Monday, August 25, 2008

Mortification Memoirs

My Twerps have had some type of chip implanted into the depths of their cerebellum that while in public cues random screaming, wailing, gnashing of teeth and acts of behavior like miniature seizing monkeys set afire with the lapping flames of Hell. This I have accepted as throwing candy at them seems to douse the flames. However, judgement is still flame retardant to my evil demise.

While at Target today, [because that is our home away from home. It has started to disturb them that I am napping in the bedding aisle and hosting get togethers in the wine section. I call it networking, they call Security.] we had a little flare up. We had just check out of line in which they ask if I would like to save $3.21 by applying for a Target Red Card. Are they fer-real? As in three dollars and twenty one cents. As in three hundred and twenty one pennies? I am saving that credit app for when I purchase something whose saving lead at least something that is gonna be able to buy momma a new pair of shoes. Can I get a witness?

Anyhoo, after checking out, Middle Twerps starts the flailing limb dance and bow-back cry while Baby Twerp chimes in with his flesh burning screams of death for they have-est not received a toyeth.

At this point and time, as I am wheeling them away from civilization, a young mother approaches me and says,

I am so glad to see other people's children act this way. It makes me feel less like a failure.

Well, ya know, anything to help you out. That is what we are here for. And then I wink at the Twerps like we are putting on this show just for her self esteem and all.

She then touches my forearm and says, It is just beneficial and encouraging to see this kind of behavior from such a seasoned mom

Uhm, blog again? Did she just call me seasoned? Like a home fry?

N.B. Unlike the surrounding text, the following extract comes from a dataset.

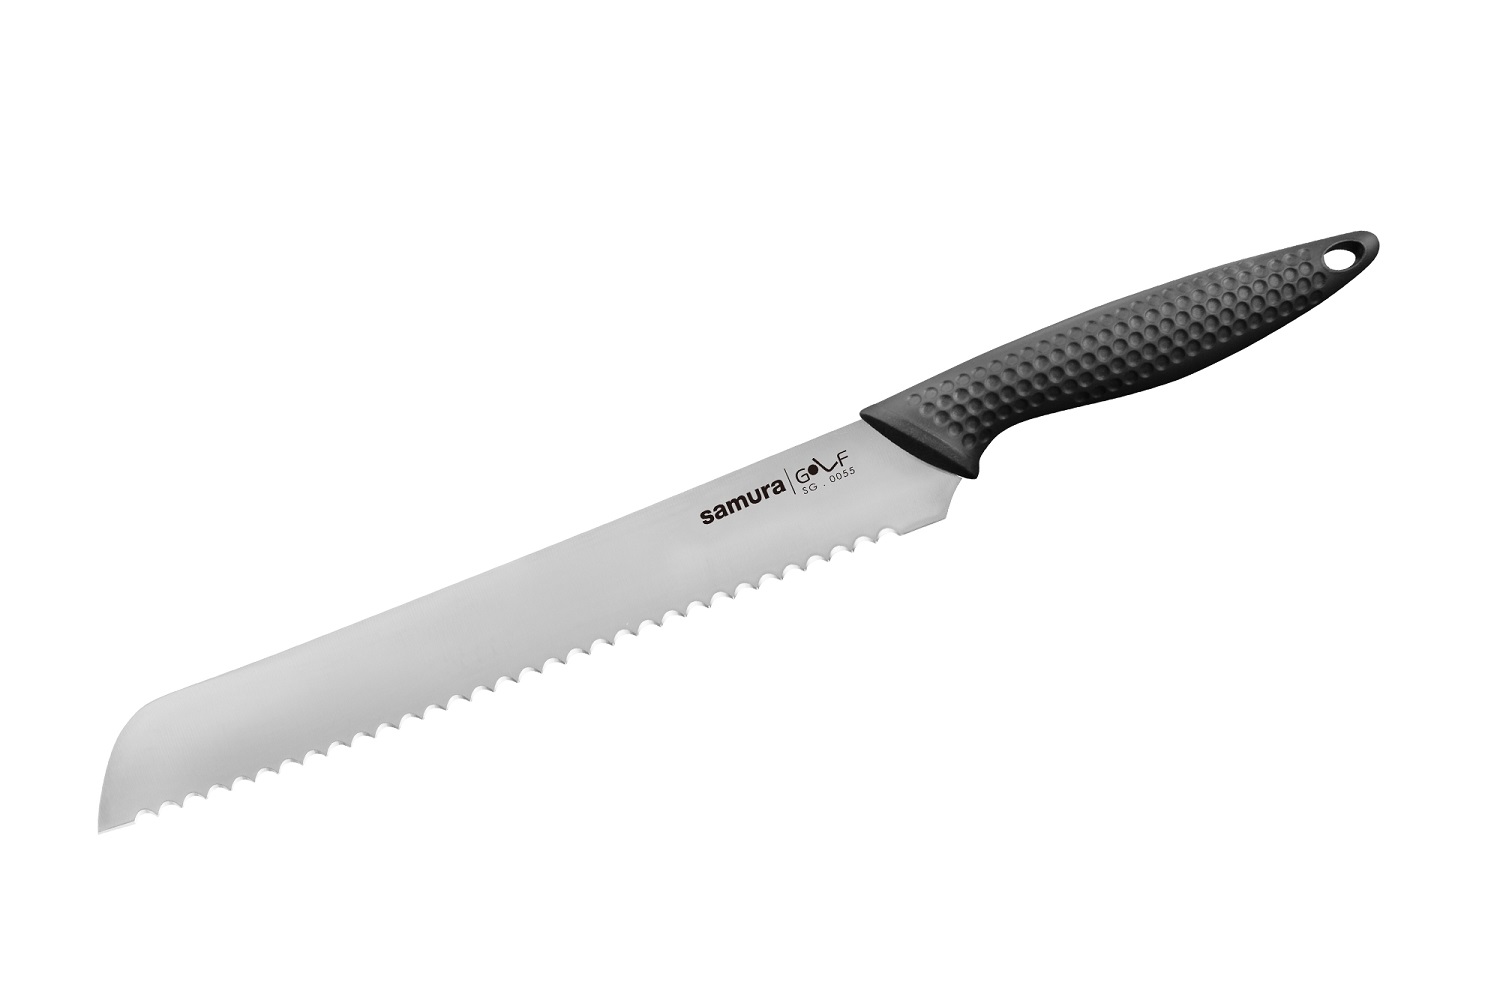 Нож Samura для хлеба Golf, 23 см, AUS-8 цветной безопасный детский кухонный нож нейлоновые ножи шеф повара ножи для фруктов хлеба торта салата салат ножи пластиковый кухонны

I am buying some olive oil and lemon rub to combat these untrue lies.


Chris said...

I'll take a seasoned fry over a plain old non-seasoned fry anyday.

About that Target Girl,
You know when you try to say something nice and it backfires? Later you wish you had never said anything because it came out all wrong. Yeah, it sounds like target girl probably has that.

About your Hater (haters?),
Everyone has one. I have a few. I just look at it this way, if they are so hateful in their little lives that in order to feel better they have to send me little hate messages every day then they obviously have more serious problems then I could ever help them with. I mean, really, could you just imagine how sad their lives are that they have nothing else better to do then read blogs and send hateful messages?

Hi! My name is Heidi! said...

She prob meant it as a compliment:)

Dreams of a Country Girl said...

i agree, she was actally a very sweet young girl and i really believe she meant it as a compliment...

i am just saying...seasoned meant old.

i weep.

Dana Jones said...

I'm guessing she is NOT invited to the next movie and wine night at your house?

.Wife.Mom.Friend. said...'re not old! I must have missed the hater on your blog! When did this happen? I could totally use some "networking" time at Target! You crack me up!

Marchelle said...

sister. i am tellin you she meant it from the bottom of her heart, because she speaks on my behalf. nevermore do i cringe when i hear screaming children in the store now that i have my own. its like sweet music.

and i'm sure by seasoned she meant "pro" cause you have 3 and all, cause if you are old, then i am old, and i'm telling you, i am NOT old. amen.